Many business owners struggle to make the move from doing things themselves to delegating work to their staff, and they get little guidance on how to do it. It’s a difficult transition and there are often a few problems along the way.
Whether you’re learning to be a better director yourself, or helping a recently promoted employee deal with a new role, these guidelines can help smooth the transition:
1. Be Aware of Your Strengths and Weaknesses
When hiring people to support you, make sure they have strengths that will fill gaps, and don’t have weaknesses that you can’t compensate for. One of your biggest challenges as a director will be avoiding immersing yourself in old, safe activities, and employing weak staff will only reinforce the habit! These activities are no longer your responsibility – you have a new role to fill.
2. Hire Good People
The key to being a successful director is having good people to direct. Hire people with strengths you need for the business to move ahead. If you ‘inherit’ staff, spend time examining their skills, and provide additional training to fill in critical gaps.

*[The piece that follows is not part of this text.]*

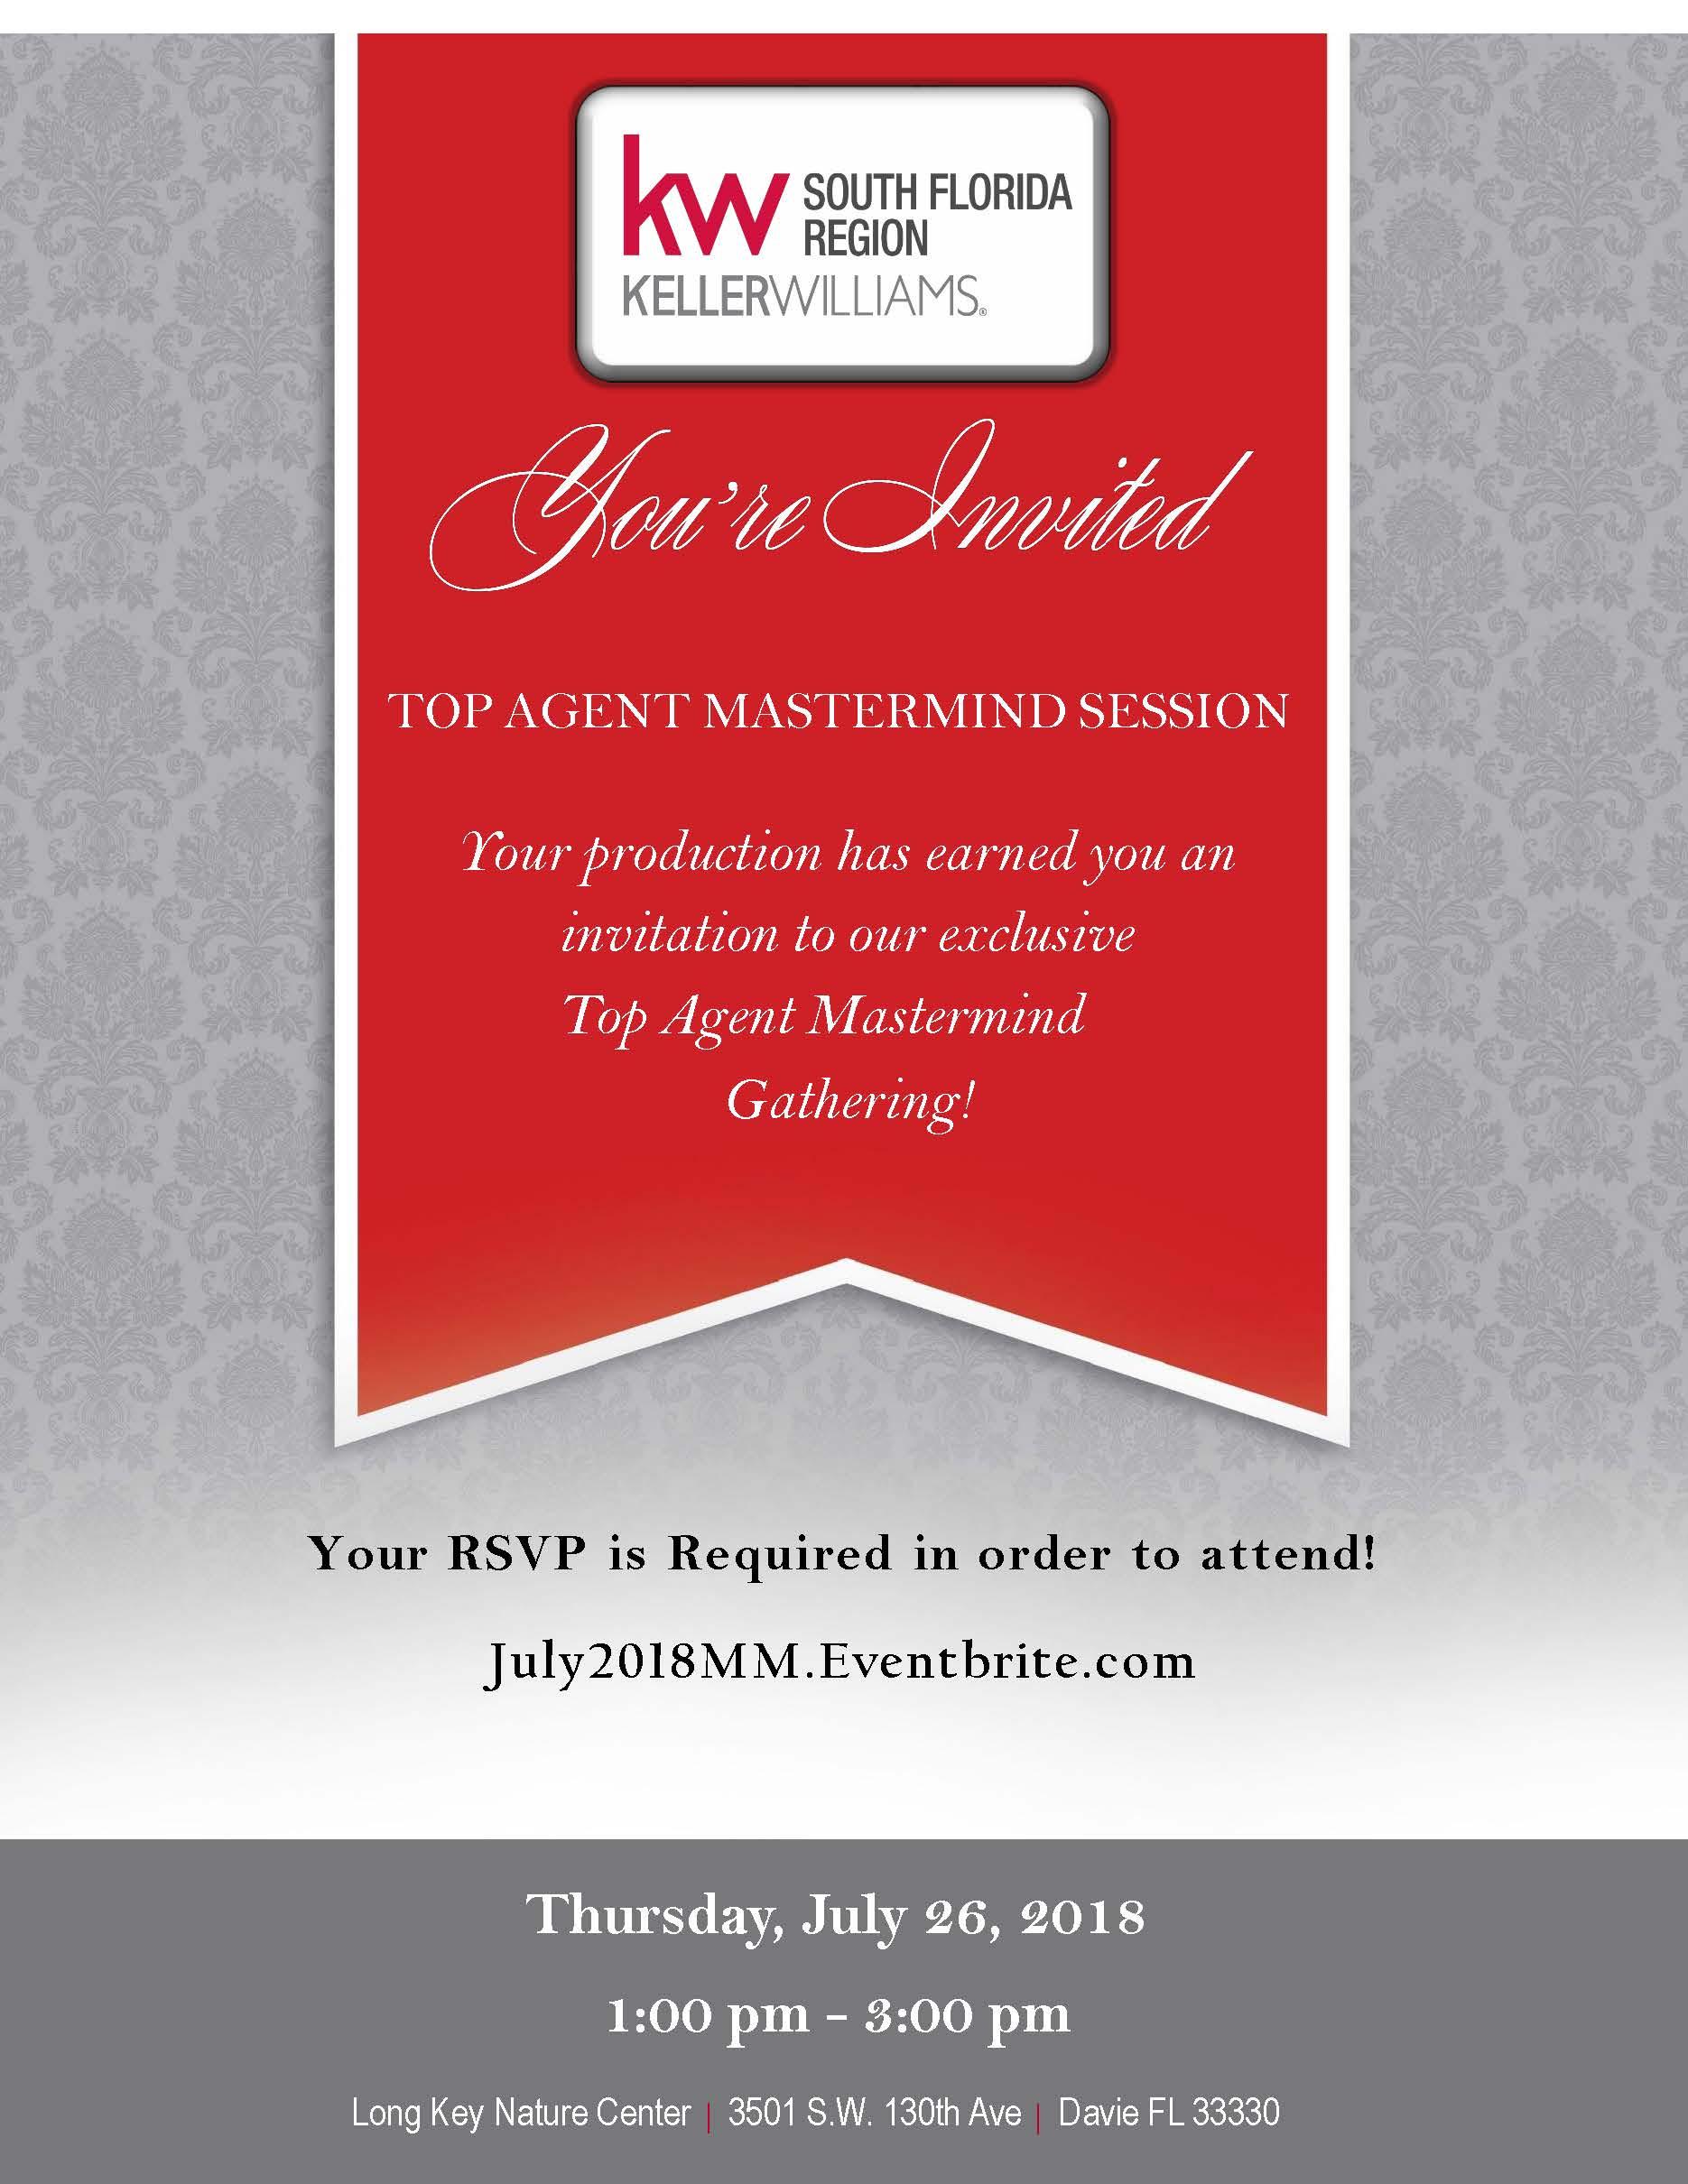 Top Agent Mastermind - Invitation Flyer - 7.26.18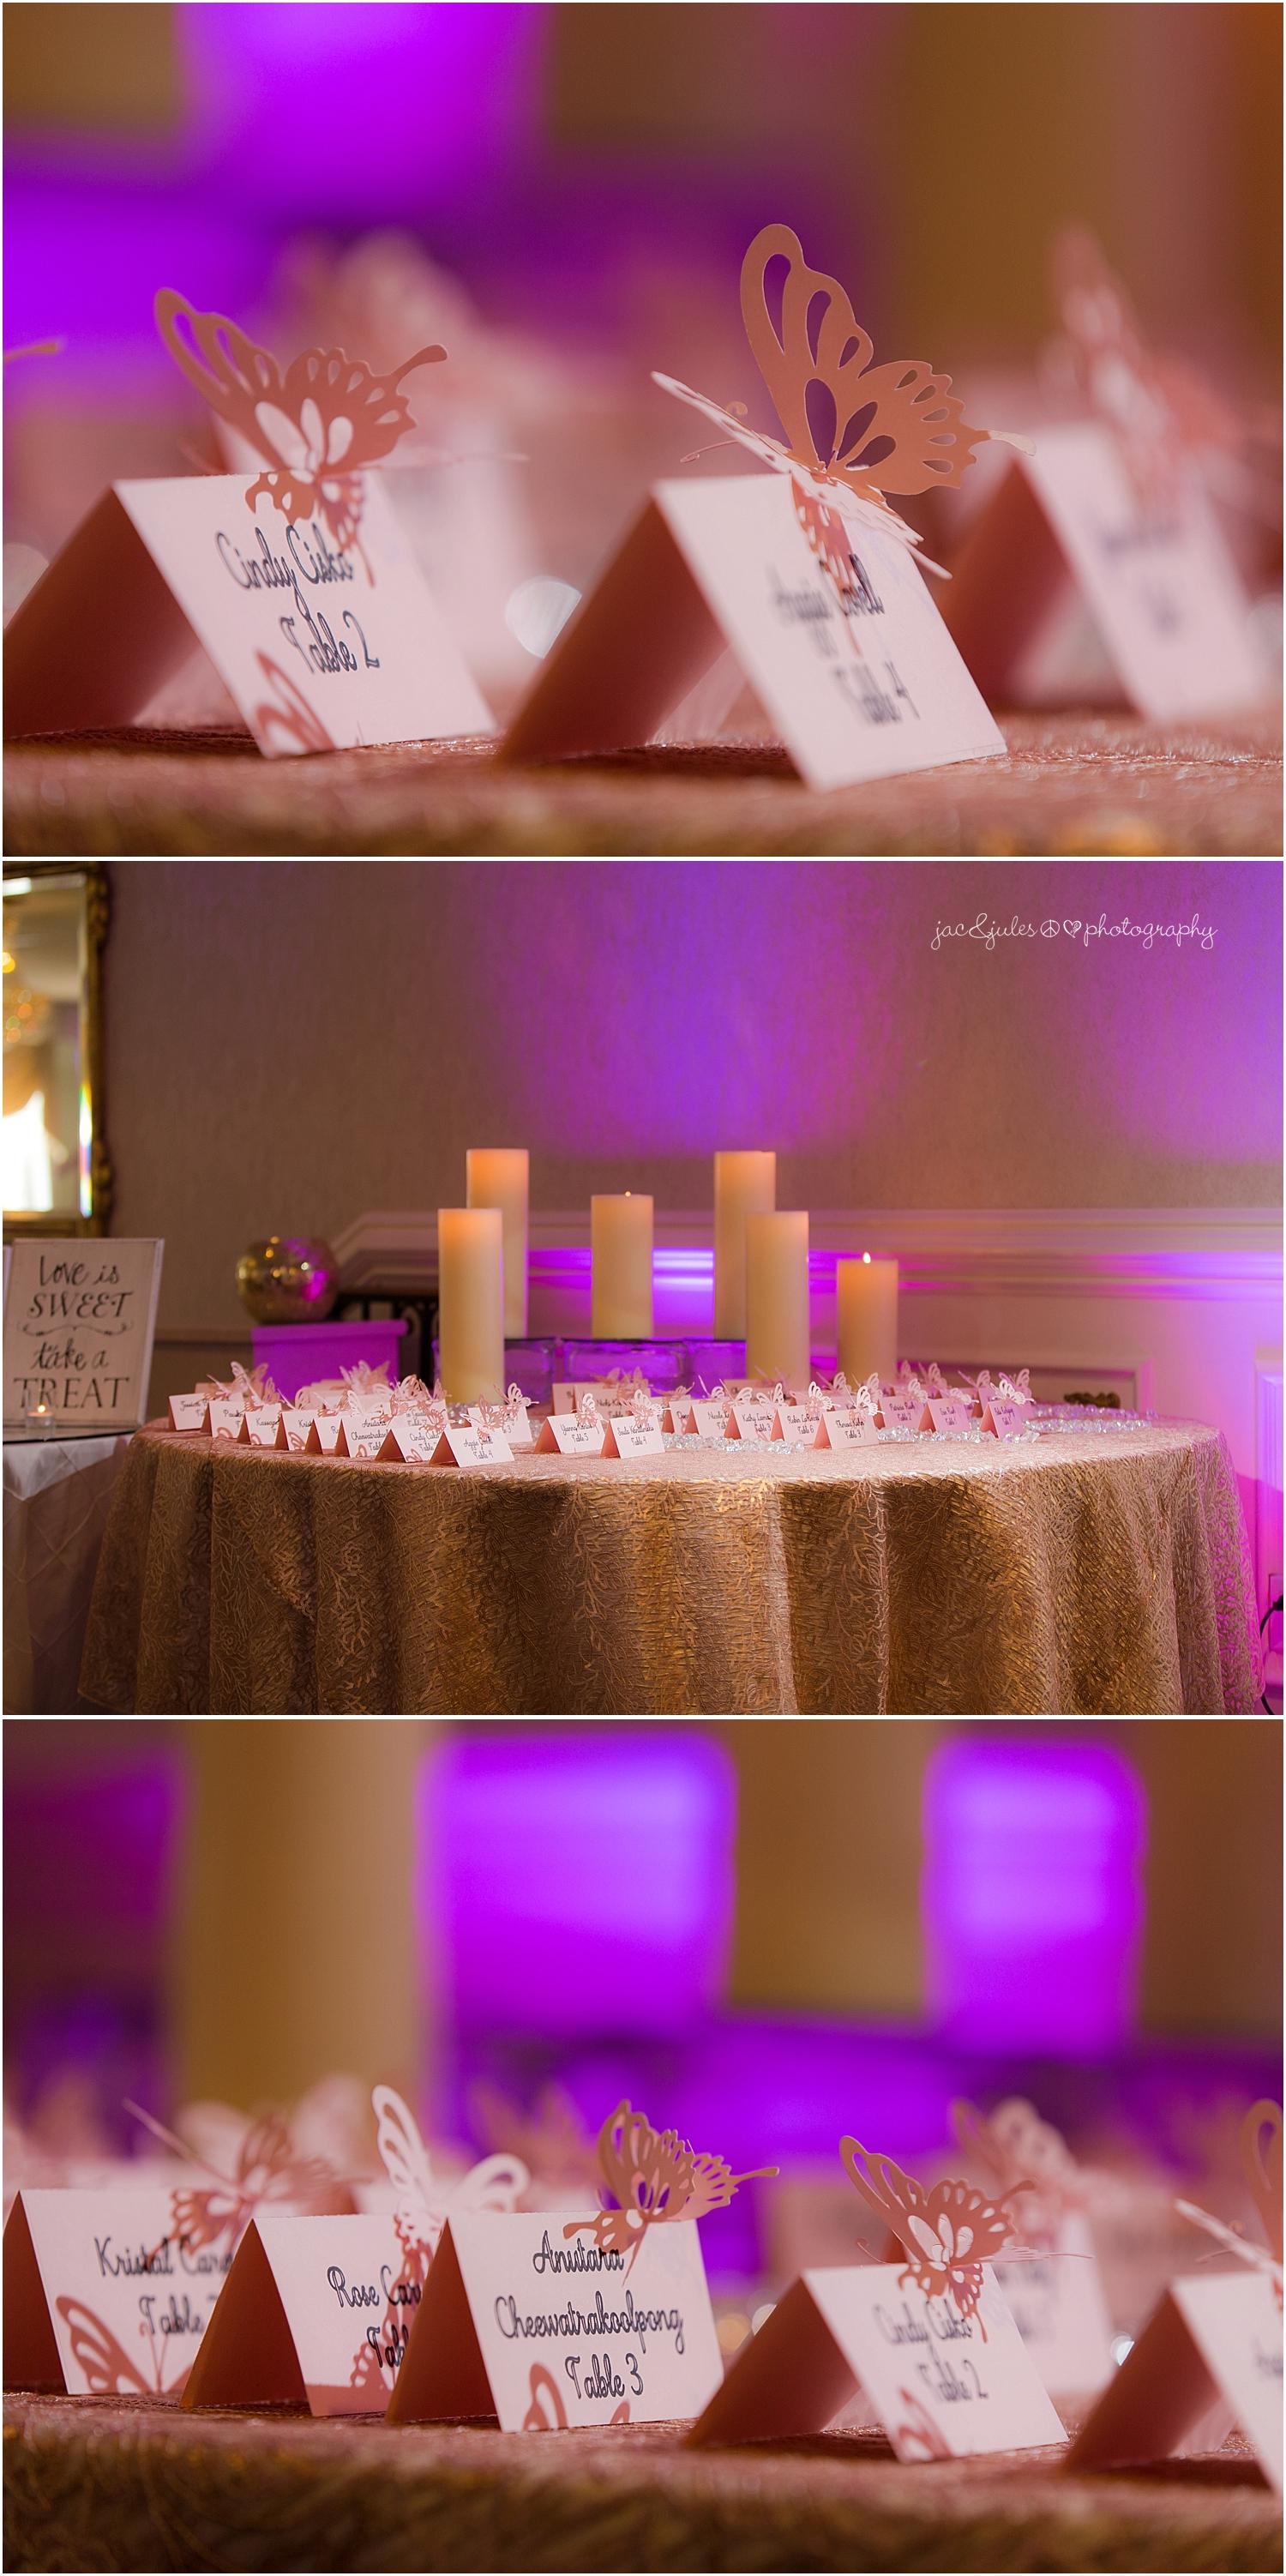 Wilshire Grand Hotel West Orange Nj Bridal Shower Nj Natural Light Photographers Jac Jules

A common problem for new directors is ‘protective hiring’: not being willing to risk hiring a ‘hot shot’ who might show you up. This is dangerous – if your employees don’t look good, you don’t look good. Always hire the best people; there is no such thing as an overqualified candidate, if they really want the position.
3. Delegate!
Effective delegation is critical to being a successful director. It frees up your time to do the things you should be doing and allows your company and your employees to grow.
Delegating is difficult for two reasons: you’re afraid either that the job won’t be done as quickly as you could do it, or the job won’t be done as well as you could do it. You’re right on both counts! But if you don’t allow your staff the opportunity, they will never develop the skills to be effective, and you’ll continue to spend your time in activities that keep you – and your company – stagnant.
4. Trust Your Staff
Trust is critical when you’re pulling people together to do a job, and it goes beyond ‘lip service’. Telling your employees that you trust them and demonstrating that you do are two different things. Trust means that you give employees responsibility and the accountability that goes with it, and that you allow – even expect – them to make mistakes.
Trust is crucial to your development as a business owner. If you won’t trust someone to do a job right, you won’t delegate. If you don’t delegate, you can’t direct. It’s as simple as that. And it’s your mental block, not the fault of your staff, if you cannot bring yourself to trust them. You need to understand that the vast majority of people care enormously about doing good work; your job is to give them the support, and space, they need to do it.
5. Stay Out of the Detail
It’s your staff’s job to worry about the detail of getting a job done, devise ways of monitoring day-to-day activities and deal with crises along the way. As director, you must be ‘big picture’, concerning yourself not so much with day-to-day operations, but with where the company is going and where the next big opportunities are coming from.
Ensure your employees understand the big picture: they’ll have the information they need to stay on track and you’ll find it easier to direct their efforts without getting ‘stuck in’.